[ad_1]
Anyone who has ever lived on a University of Minnesota campus has witnessed the sights of sorority rush week: the chants, the matching outfits, the throngs of freshmen lining the sidewalks.
Seeing this, most people are probably wondering what would influence someone to join a seemingly ridiculous and oft-imitated group.
But for most freshman girls looking for a sense of community in a new environment on campus, it’s nearly impossible not to get sucked in. Recruitment into sororities, while almost certainly unintentional, uses psychological tactics that cults have always relied on to build followers.
The process begins with assessing the right target: an emotionally fragile person who is at a crossroads in life and easily influenced.
One of the biggest transition points in any young person’s life is in first grade. Separation from family and friends is not only emotionally challenging: it forces new students to naturally try to regain their lost safety net.
This internal struggle coincides perfectly with sorority rush week, when sales pitches begin.
Whatever their reason for joining, once the ideal candidate comes knocking, the cult leadership begins trying to make a connection. This can happen in many ways – group activities, conversations – but most importantly, recruits are “love bombed” at all times. The term (coined by the leader of the famous Korean Christian cult “The Moonies” in the 1970s) involves bombarding candidates with affection, flattery and affirmation. It often involves current members pretending to have common interests, emphasizing charity work and discussing social causes they are “passionate about”, all in an effort to improve their image.
Cult expert Ronald N. Loomis summed up this concept perfectly in his testimony before the Maryland Cults Task Force.
“They quickly try to convey the message: ‘I’m your new best friend,'” Loomis said.
This strategy manifests itself in a number of ways during peak weeks. Lauren Simpson, a former member of Alpha Chi Omega, describes Summit Week as “a series of introductions, discussions about values and motivations, speeches about the uniqueness of the sorority, and detailed discussions about philanthropy and personal passions.”
Crucially, Simpson highlighted the approach taken by sorority leadership in these events.
“They also try to sell you a sorority…so they say, ‘This is what we do, this is what makes our sorority unique’…They really try to emphasize who you are as a person and what you are about. “You’ll be there,” Simpson said.
There were also tears at these events.
“Whether they cry or not is a make-or-break thing because each college has a different preferred ritual,” Simpson said.
The most concerning aspect of these interactions, however, is that in some sororities, tears are considered necessary.
Former Gamma Phi Beta member Ellie Berglin recounts the guidance she received from the Vice President of Membership while serving as a mentor during Summit Week.
“She said, ‘Okay, guys, your goal is to make girls cry,'” Bergling said.
According to Bergling, she and some other instructors were skeptical that this could be done.
It’s one thing to discuss personal topics with recruits. Actively trying to make them cry to create dependence is more than just emotional manipulation. This is a cult strategy. For these recruits, having an “emotional safety net” in the same room and love-bombing them with phrases like “we love you” and “you’re special” can leave them feeling short-changed.
After acceptance, the process begins by assimilating the newly admitted members into their new culture. Once you win the bid, the sorority showers you with T-shirts, keychains, glasses, stickers, and plaques, while forcing you to dress fancy for weekend retreats, weekly meetings, and parties that require fancy attire.

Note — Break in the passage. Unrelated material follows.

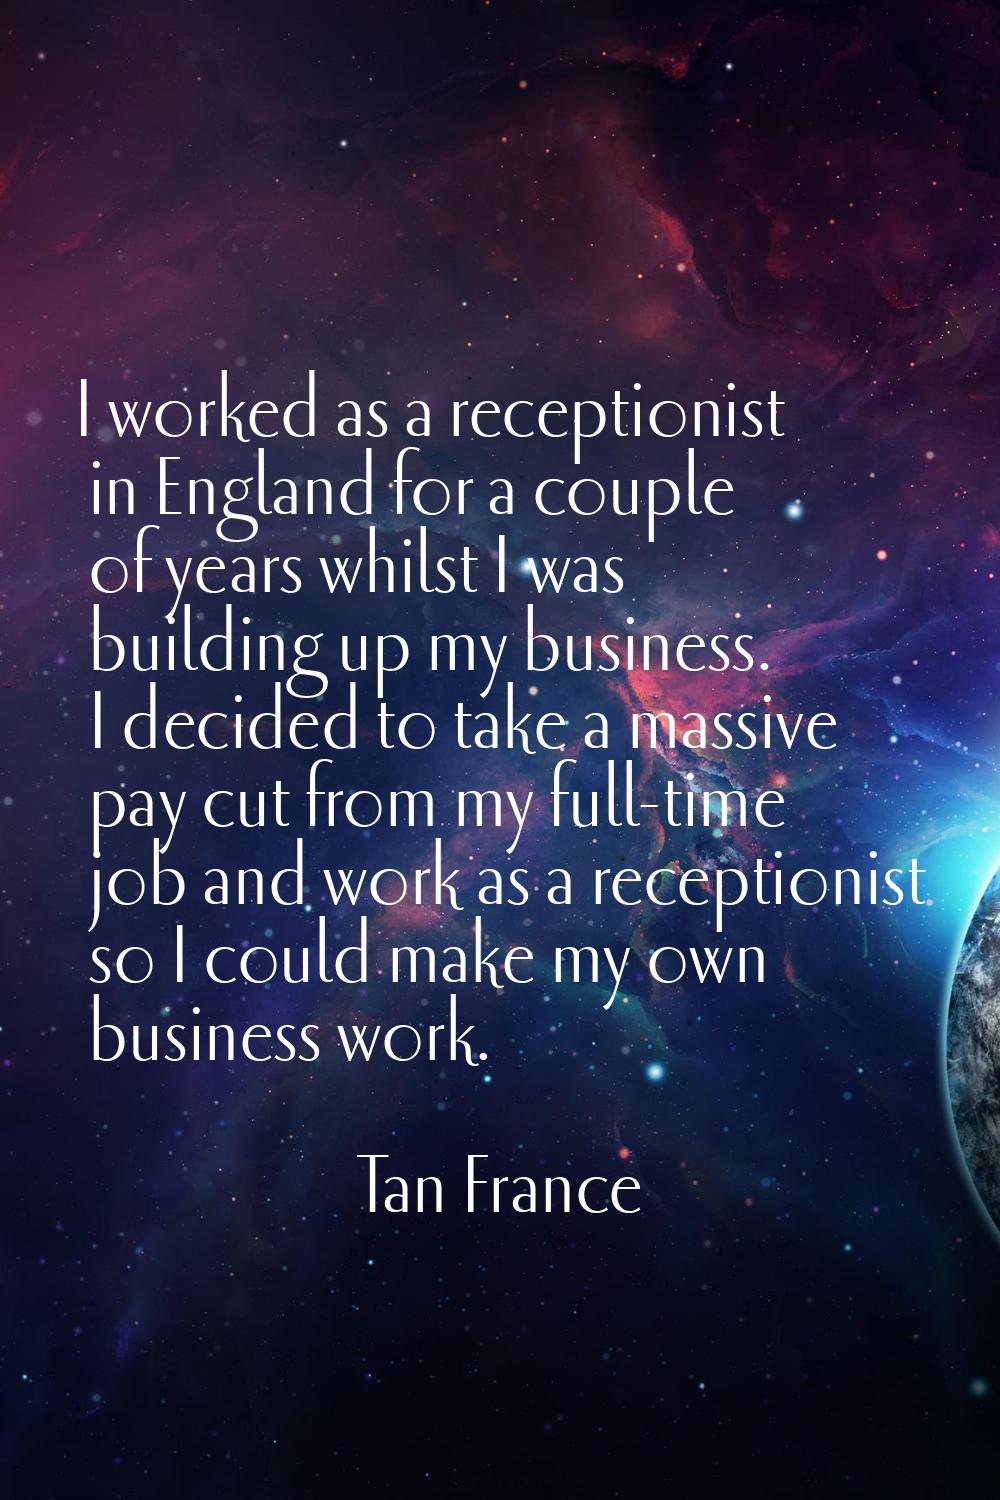 I worked as a receptionist in England for a couple of years whilst I was building up my business. I

It’s hard to ignore the social pressure this puts on 18-year-olds. Many people feel the need to give back by giving of themselves to the group. The underlying fear factor is there—no one wants to suddenly stop hanging out with their sorority sisters, cringe at the thought of living in a house the following year, or waste the thousands of dollars they’ve already invested.
This dynamic allows the cult to maintain control over newly admitted members. Fully immersed members begin to exert peer pressure on others, make enemies among those who leave, and effectively idolize the group or leader who provided them with a platform.
Within sororities, idolization and immersion often manifest themselves as competition rooted in the recruitment process, which involves numerous sororities promoting themselves against one another.
It is natural to ignore these concepts. In a cult-themed episode of the Netflix series Explained, the show highlights how new members often have such a strong need to belong that they develop lapses in judgment that lead them to ignore potentially harmful warning signs. .
Still, the point of these comparisons isn’t just to say sororities are the college version of a cult. Such statements reduce the potential for forming lifelong friendships and gaining beneficial experiences in these organizations.
Instead, sororities should reconsider the emotional harm they inflict on vulnerable women during the recruitment process. The tear-jerking engineering situation, combined with the promise of a social safety net and the fear of missing out, constitutes emotional manipulation, no matter what language is used to reframe it. Unnecessarily emotional interviews, outlandish slogans, and heavy financial burdens should not be prerequisites for making friends, especially when there is no guarantee of receiving a bid.
While sororities can work effectively and have real value with the right people, it should never come at the cost of emotional turmoil.